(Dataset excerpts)
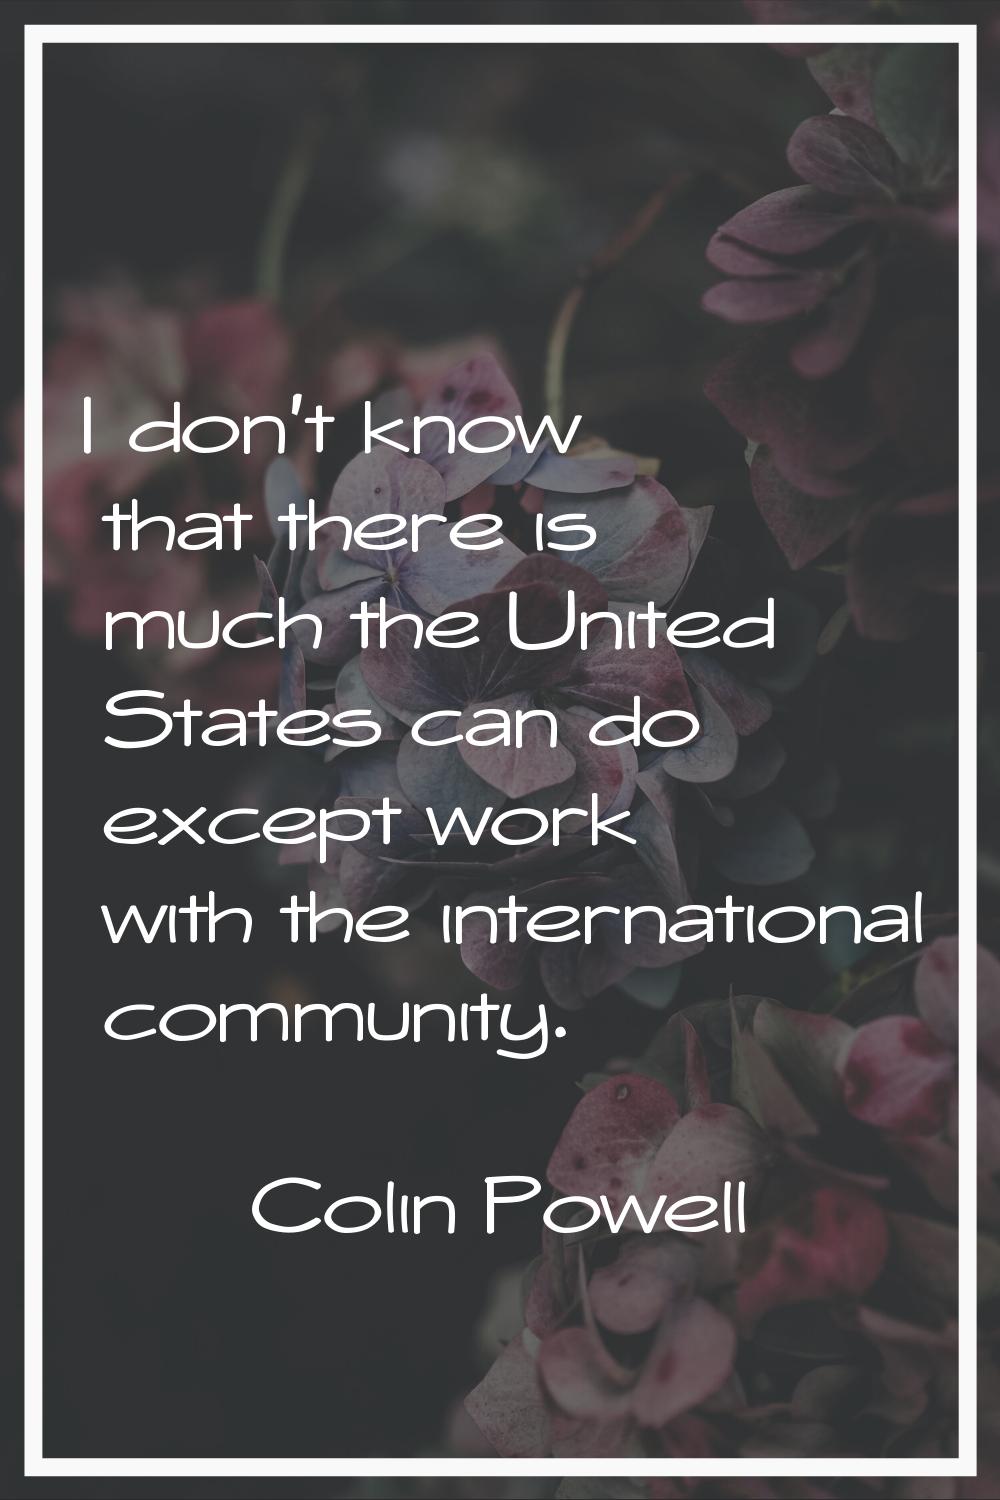 I don't know that there is much the United States can do except work with the international communi
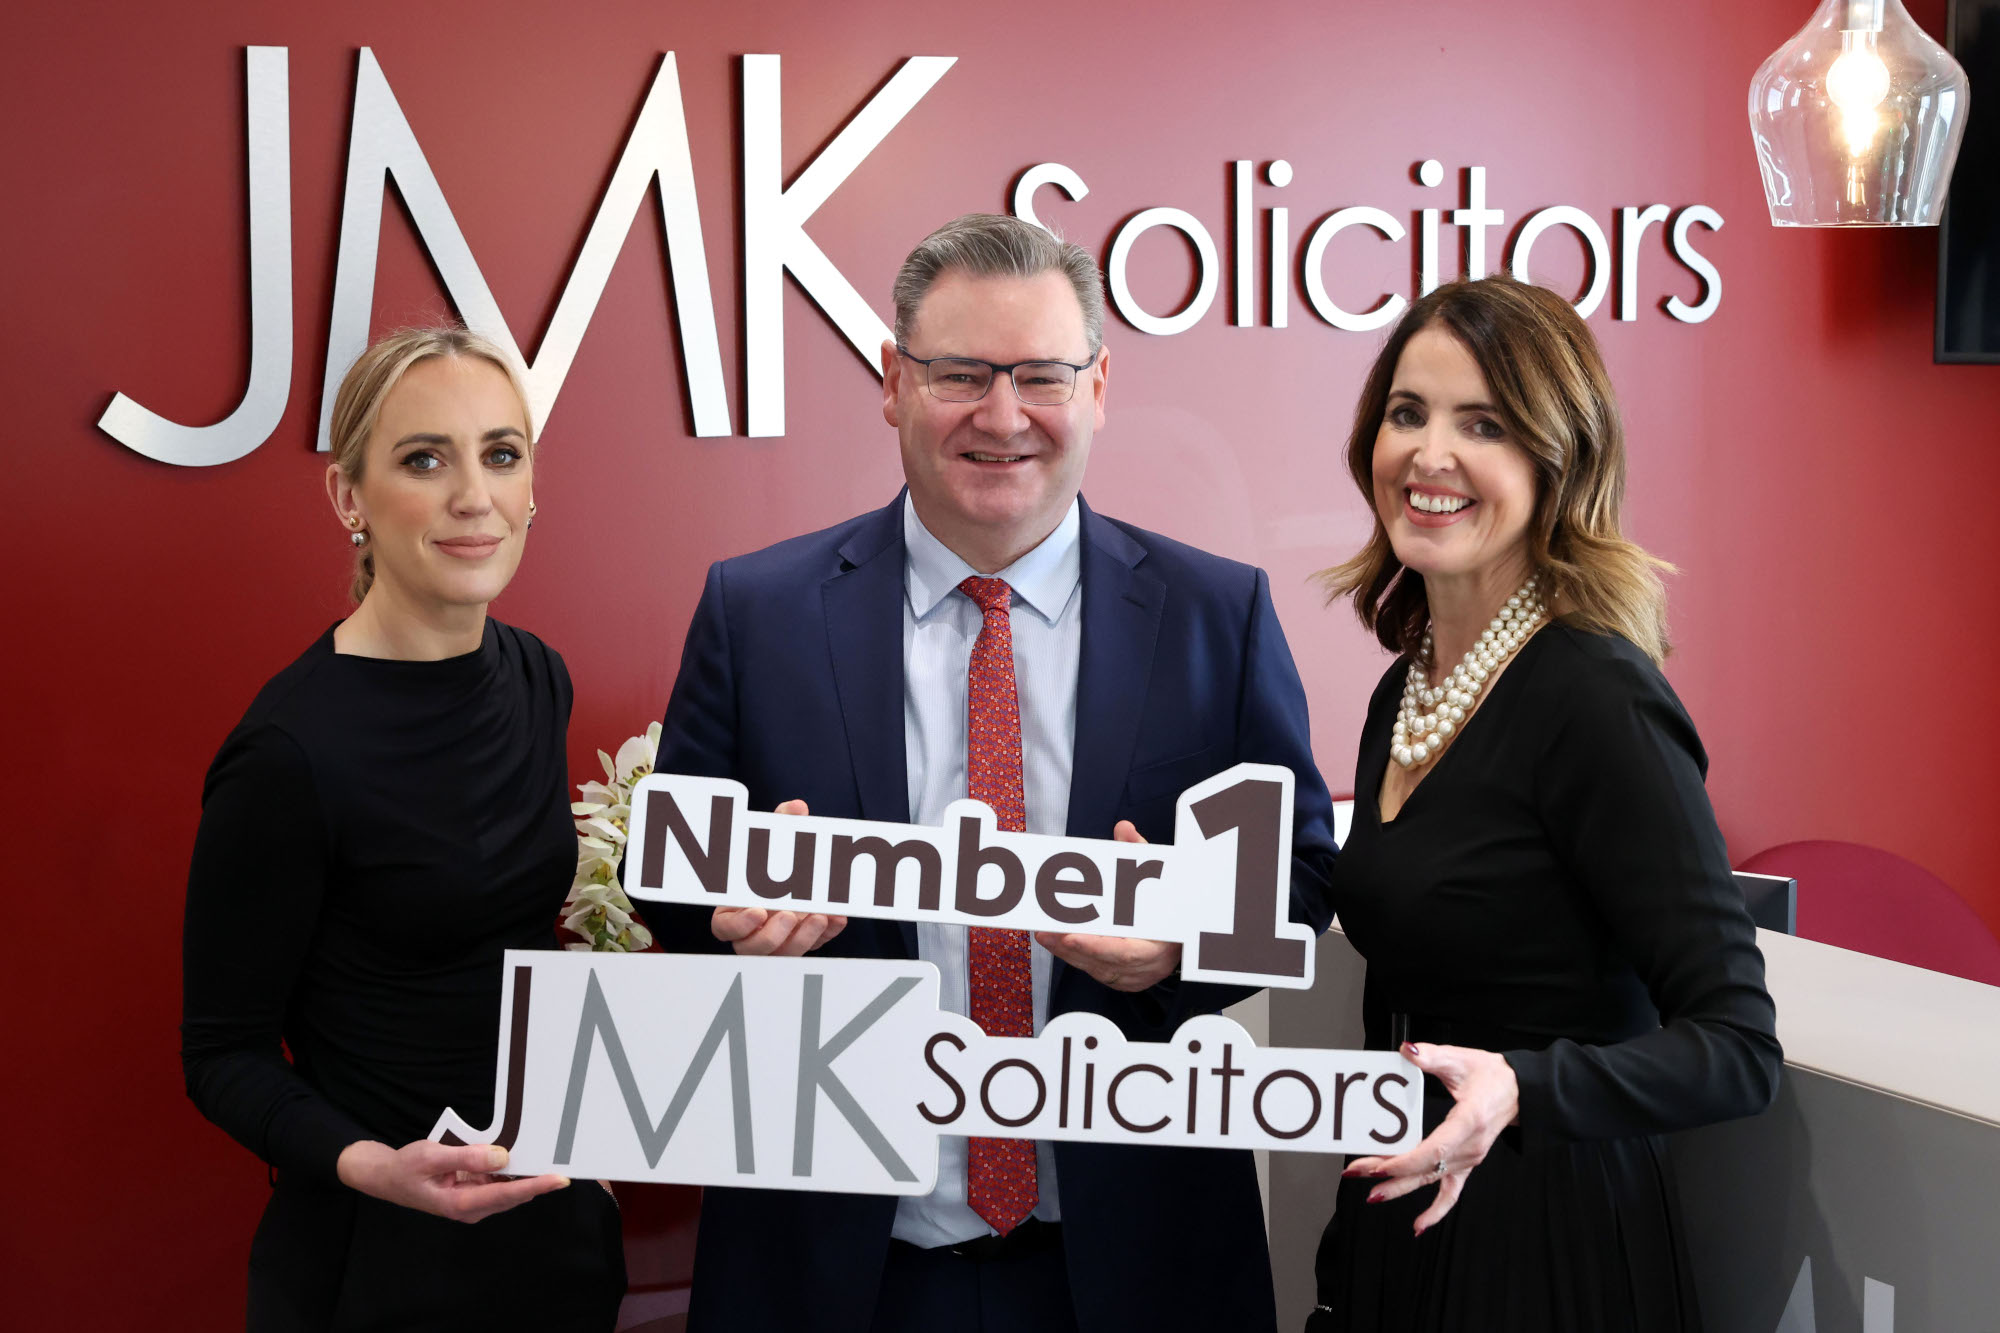 JMK Solicitors named Northern Ireland's busiest personal injury firm again
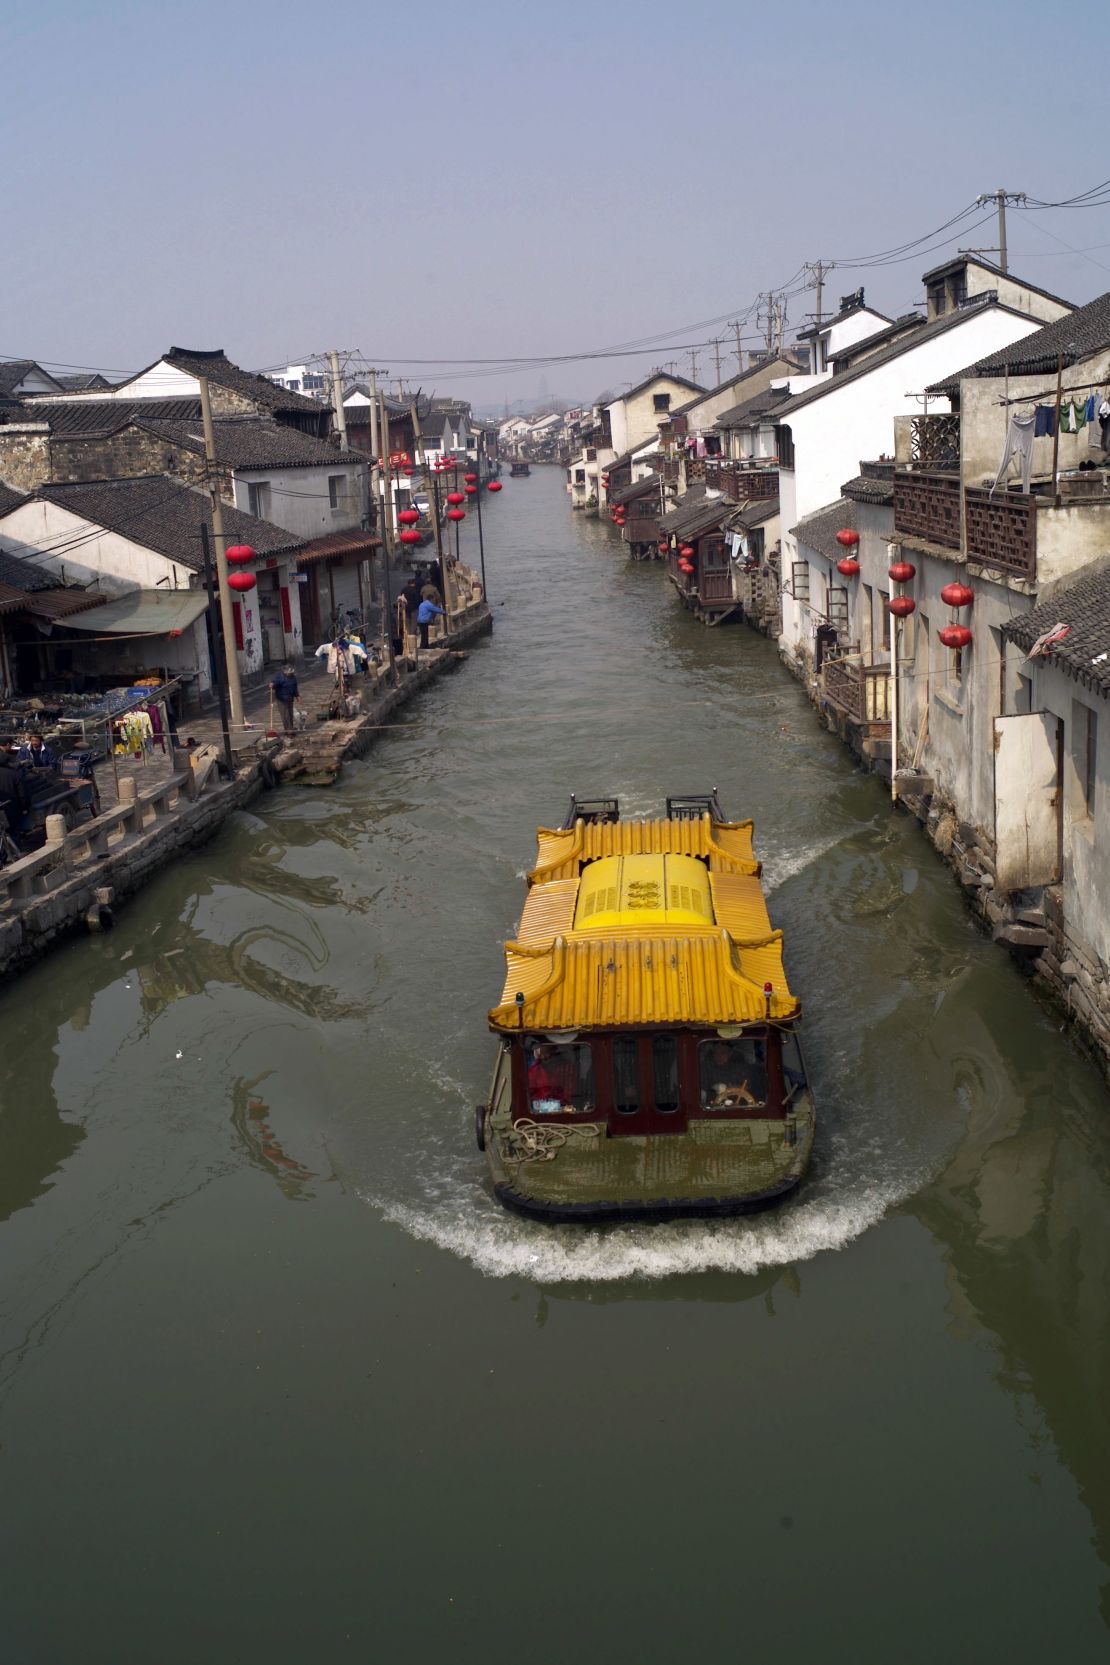 A sightseeing boat sails on a canal in Suzhou.
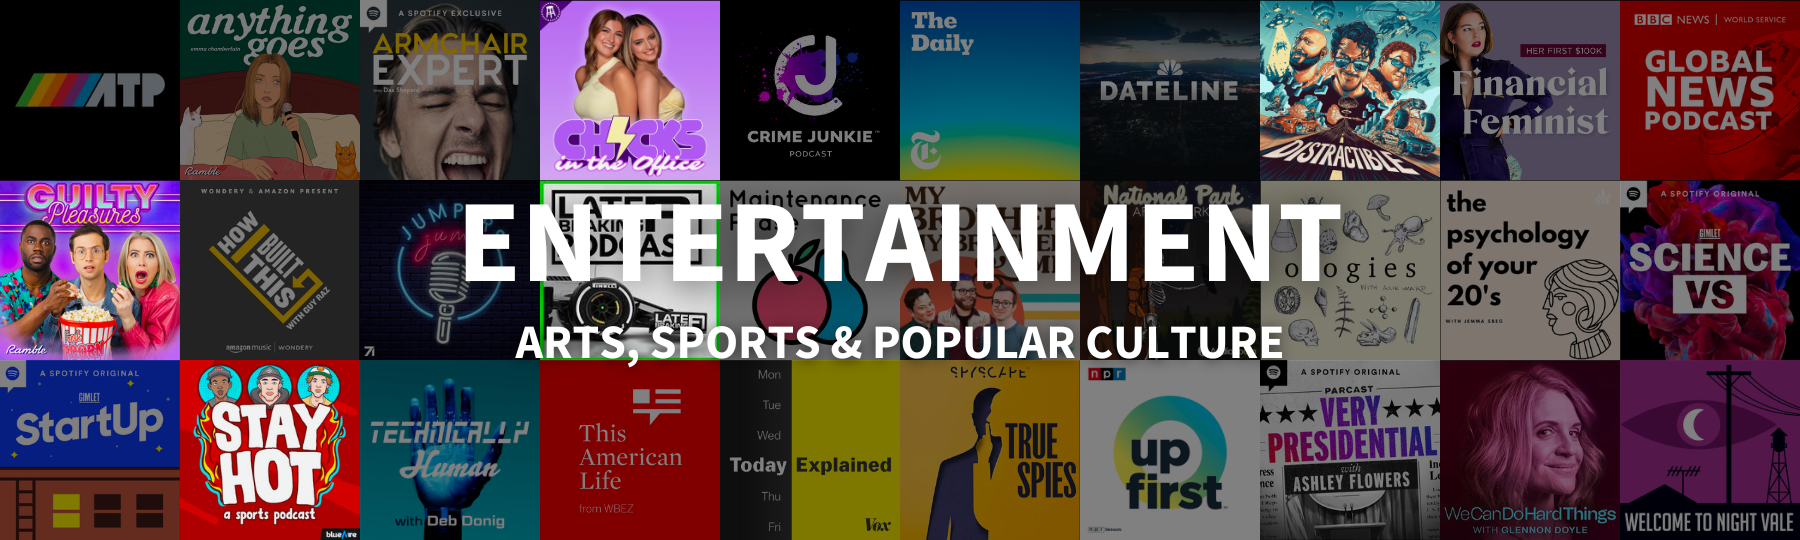 A graphic that says "Entertainment: Arts, Sports & Popular Culture" with a collage of podcast covers in the back.
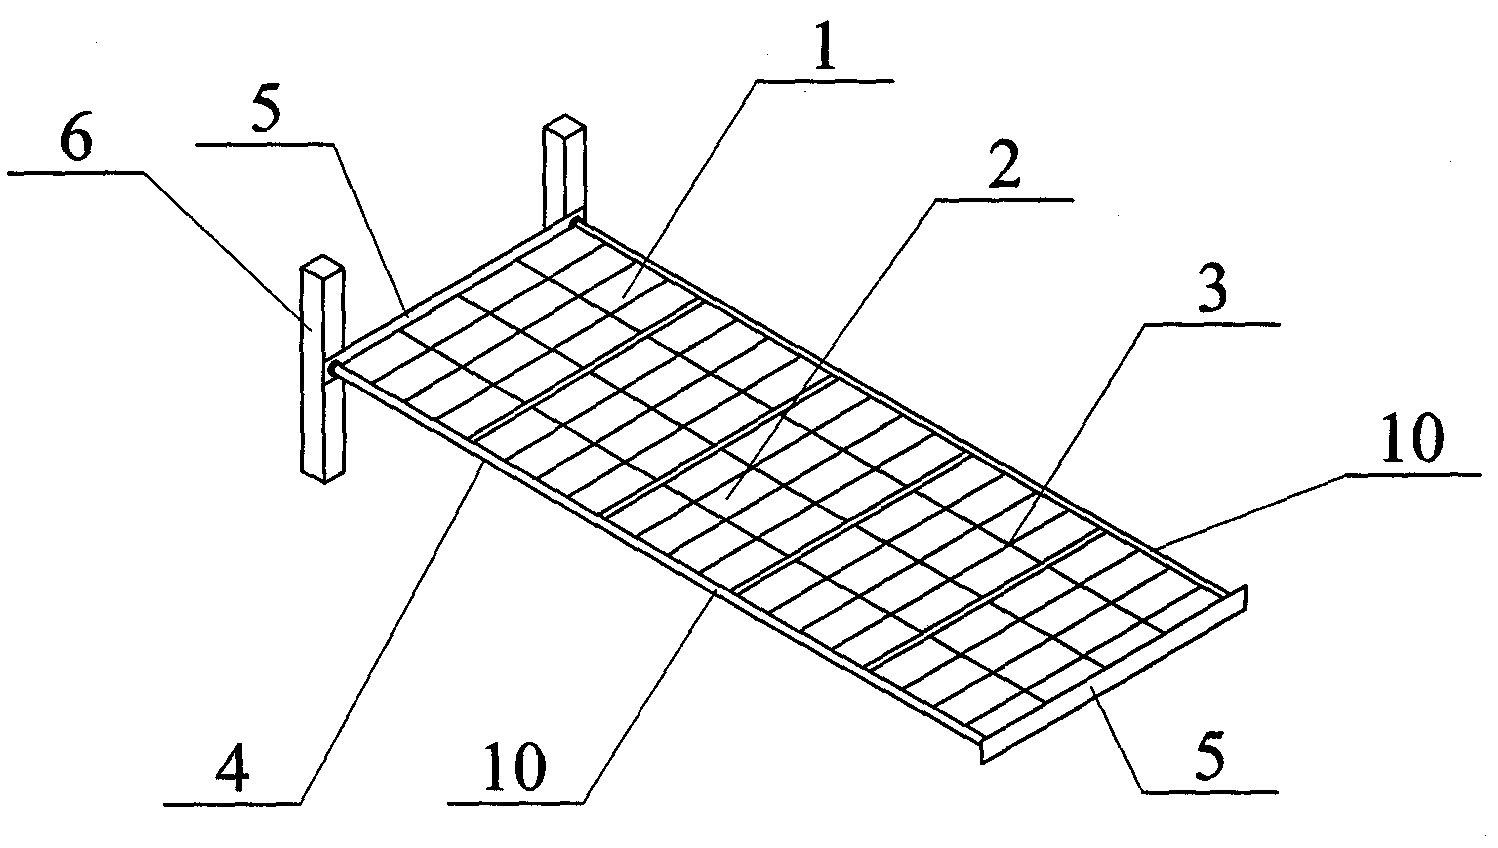 Inflation expansion truss solar panel array capable of on-orbit assembly

WHAT THE EXERCISE ASKS: An acceptable answer consists of the lines above from the one holding "A sightseeing boat" to the end of the data, repeated exactly and containing no pictures.

WRITTEN RESPONSE:
 A sightseeing boat sails on a canal in Suzhou.
 A graphic that says "Entertainment: Arts, Sports & Popular Culture" with a collage of podcast covers in the back.
 Inflation expansion truss solar panel array capable of on-orbit assembly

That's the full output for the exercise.